In response to these worries, Wall Street analysts have become increasingly cautious about equities. In a recent report, Goldman Sachs lowered its S&P 500 year-end price forecast to 4,300 from 4,700. According to David Kostin, Goldman Sachs’ top U.S. stock strategist, the reduced goal reflects “higher interest rates and weaker economic growth than we previously projected.” In a recession, the S&P 500 will likely fall much further to 3,600, according to Kostin. Other strategists emphasized the present multiplicity of equities risks and advised against reading too much into one-day rebounds.
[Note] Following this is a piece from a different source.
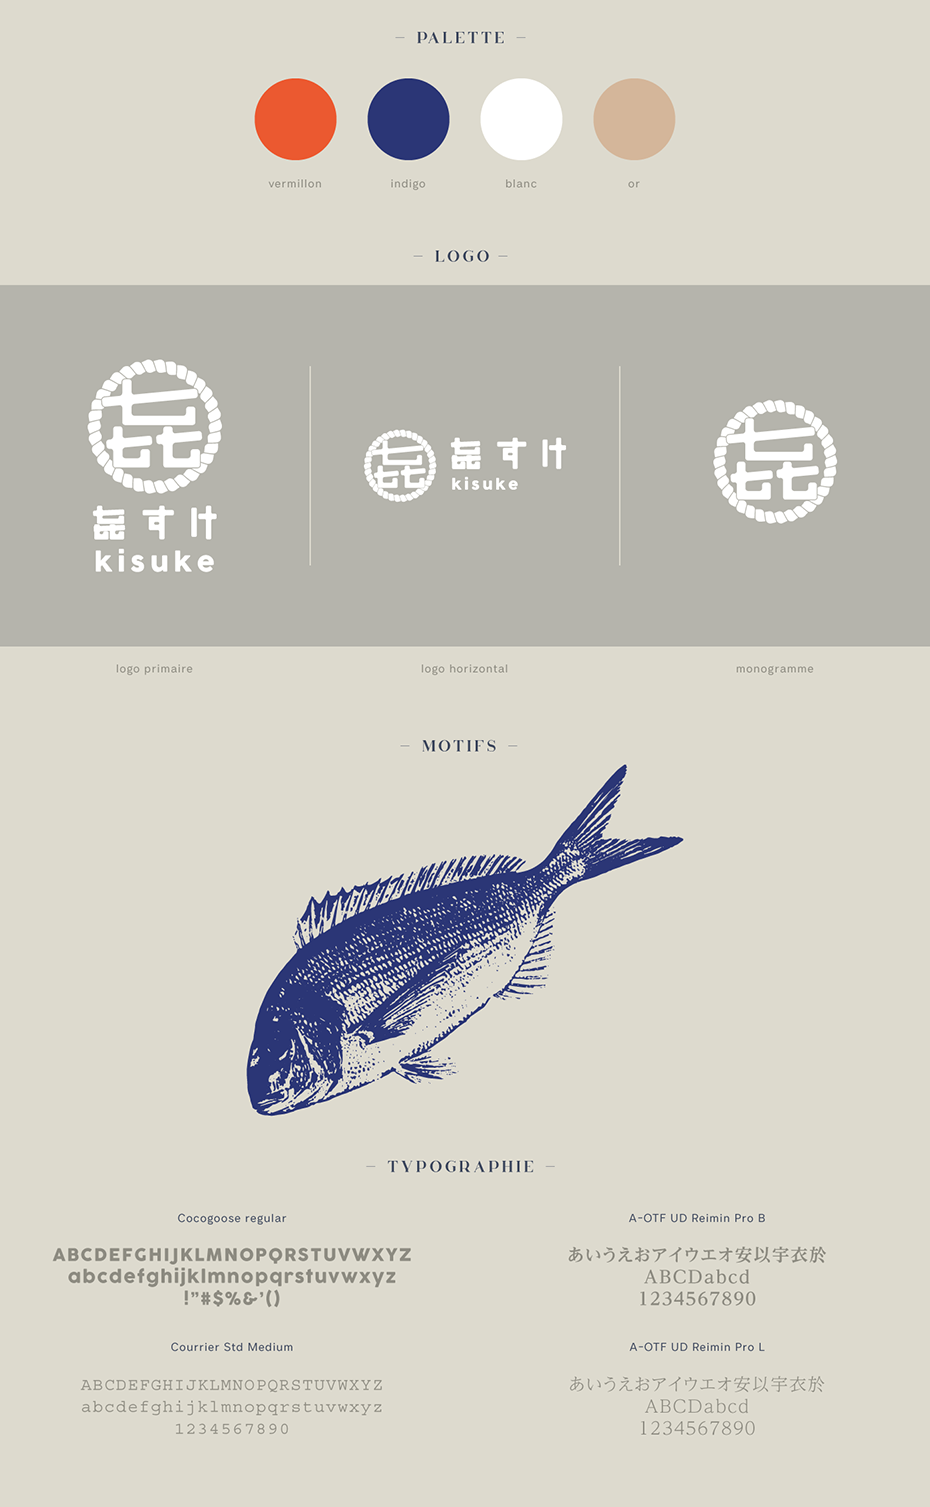 identité visuelle de restaurant japonais : logo, palette, typographie, motifs

“At this moment, we believe the tipping point is an open question. We’re probably in the middle of two repricings: one caused by the Federal Reserve, and the other induced by the market “U.S. Bank Asset Management’s chief investment officer, Eric Freedman, told Yahoo Finance Live. “When the Fed announces a rate hike, every other asset class must drop in price and increase in yield. So we’re right in the thick of it. Depending on what the Fed decides to do in terms of messaging, this might be a turning moment.”

“However, the next repricing — and the danger of possible additional downside — will occur if higher commodity costs and higher borrowing rates structurally flow into the actual economy and stay there for some time,” he warned. “So I believe we’re in a profoundly oversold state… but we’d still be cautious right now because we believe there’s more potential downside coming.”